** What you will do **
Transcribe the data underneath exactly. No images belong in your version.

** Dataset extract **
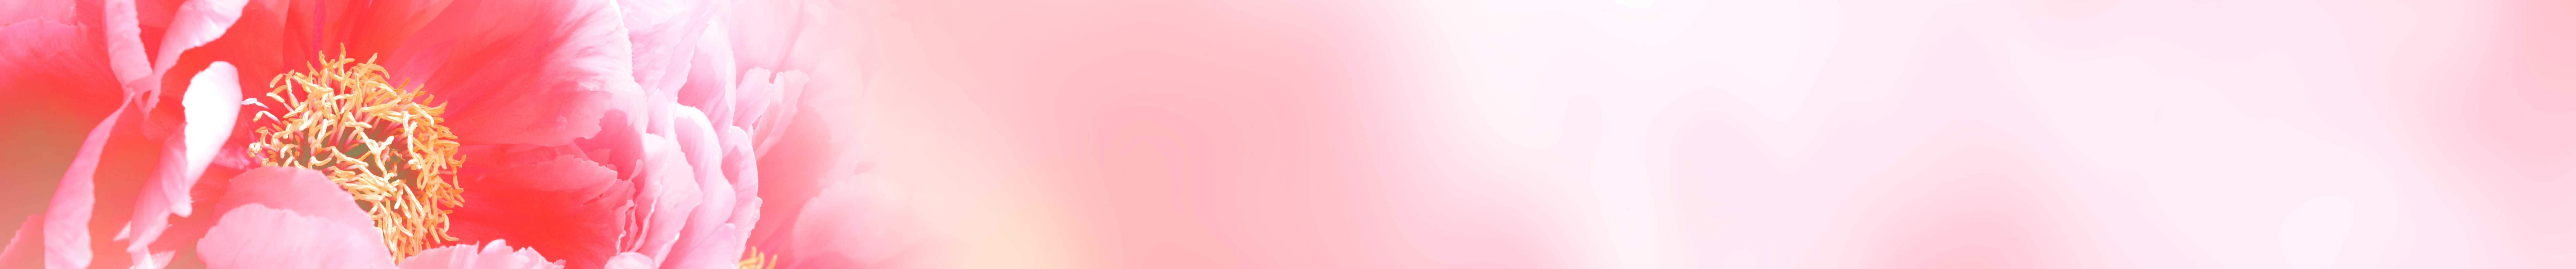 Rose Panorama_188110854-1AS - Kopie
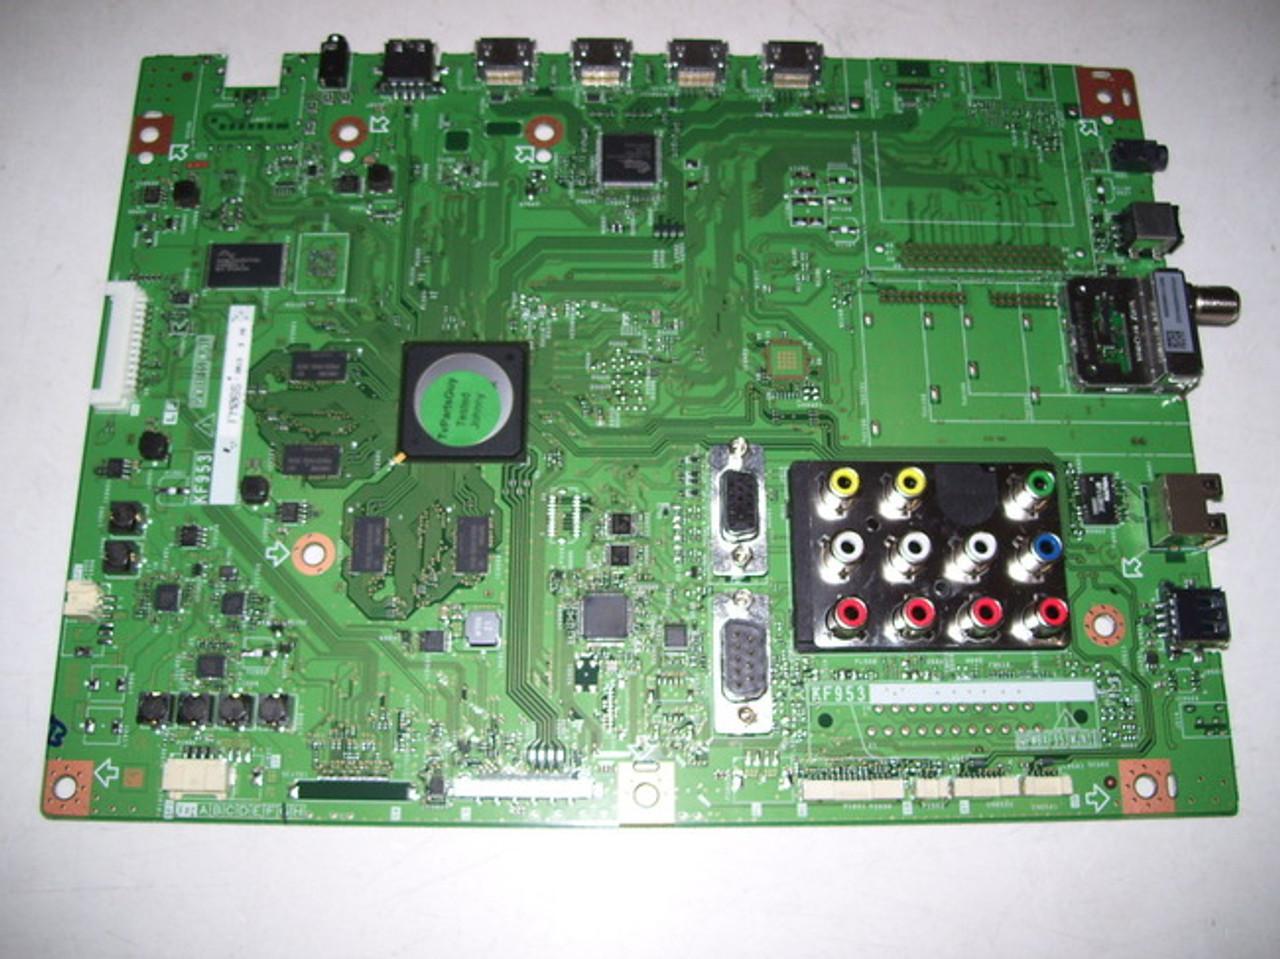 SHARP LC-60LE757U MAIN BOARD KF953 / DKEYMF953FM06 (VER: 1)
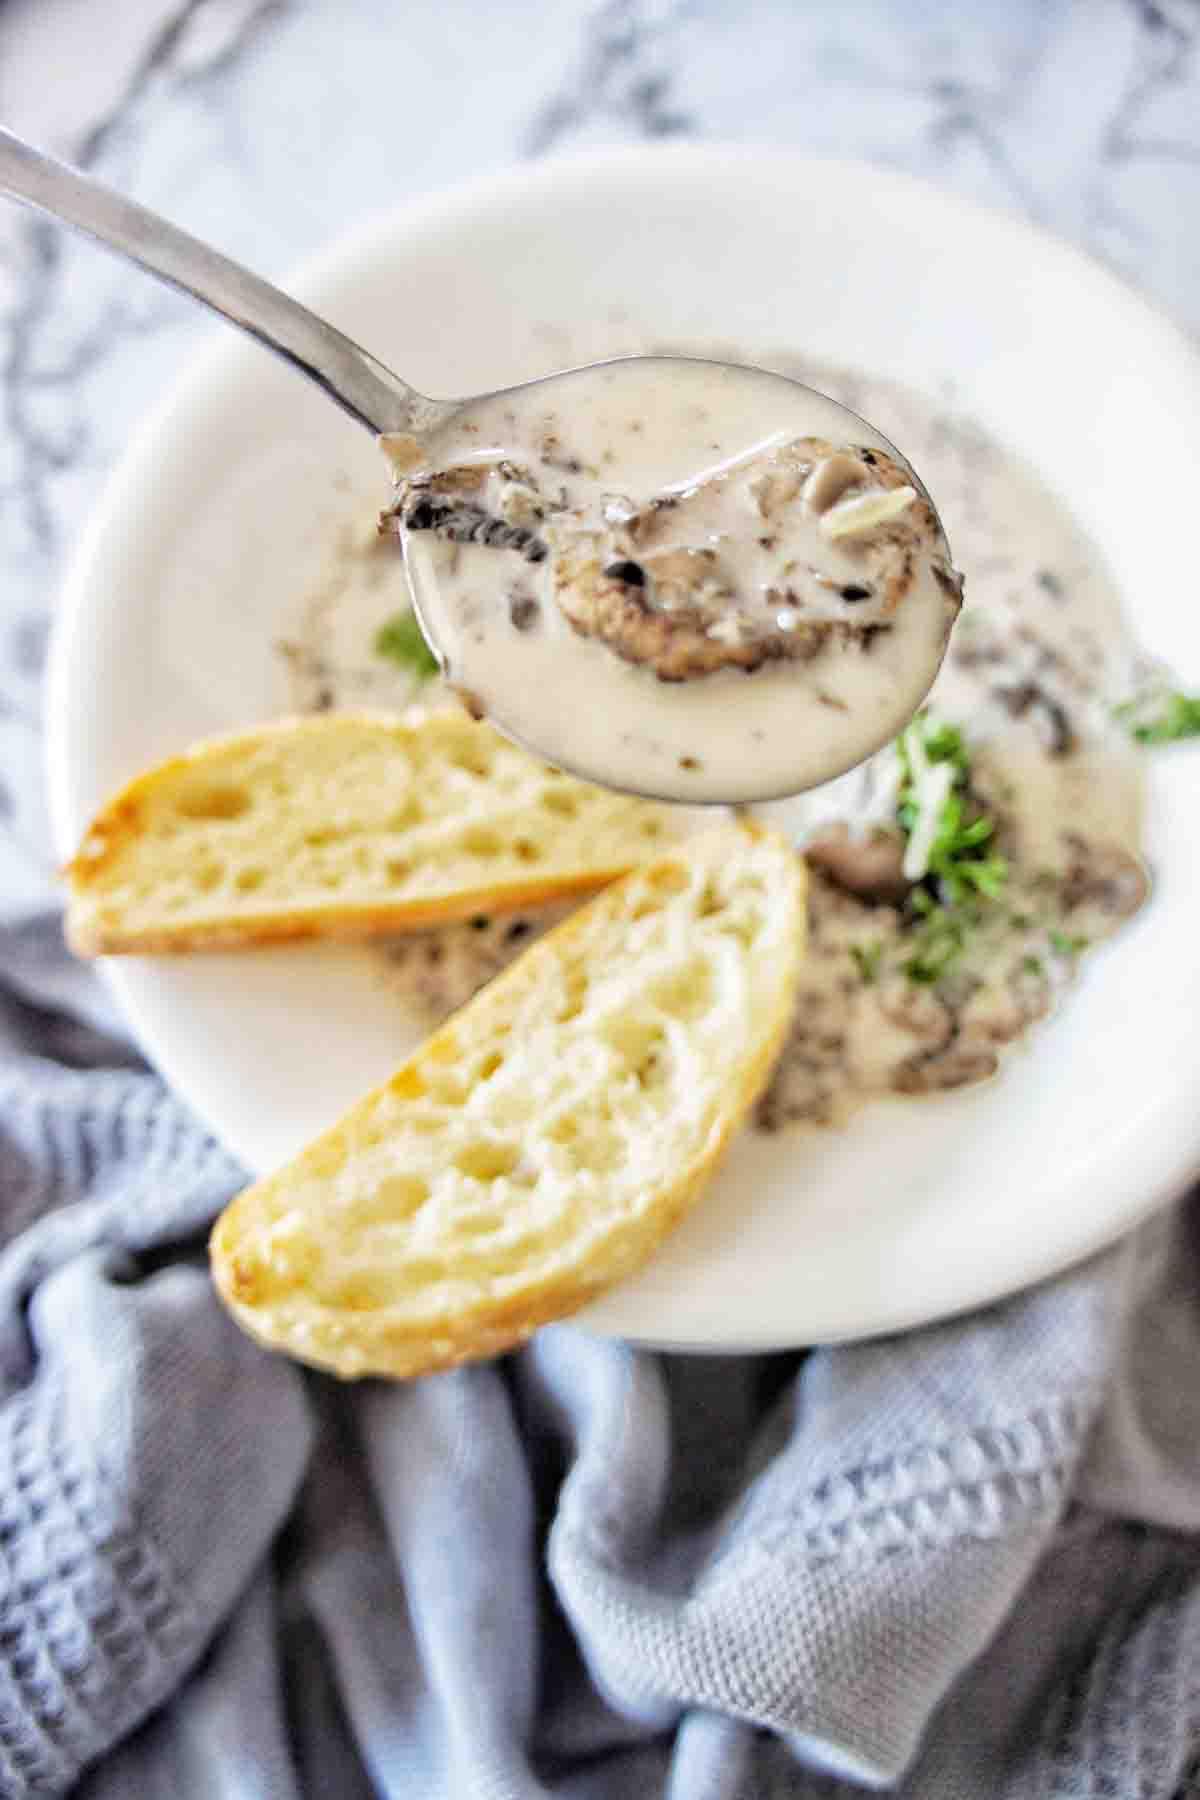 Spoon of mushroom soup held above bowl of same

** Expected output **
 Rose Panorama_188110854-1AS - Kopie
 SHARP LC-60LE757U MAIN BOARD KF953 / DKEYMF953FM06 (VER: 1)
 Spoon of mushroom soup held above bowl of same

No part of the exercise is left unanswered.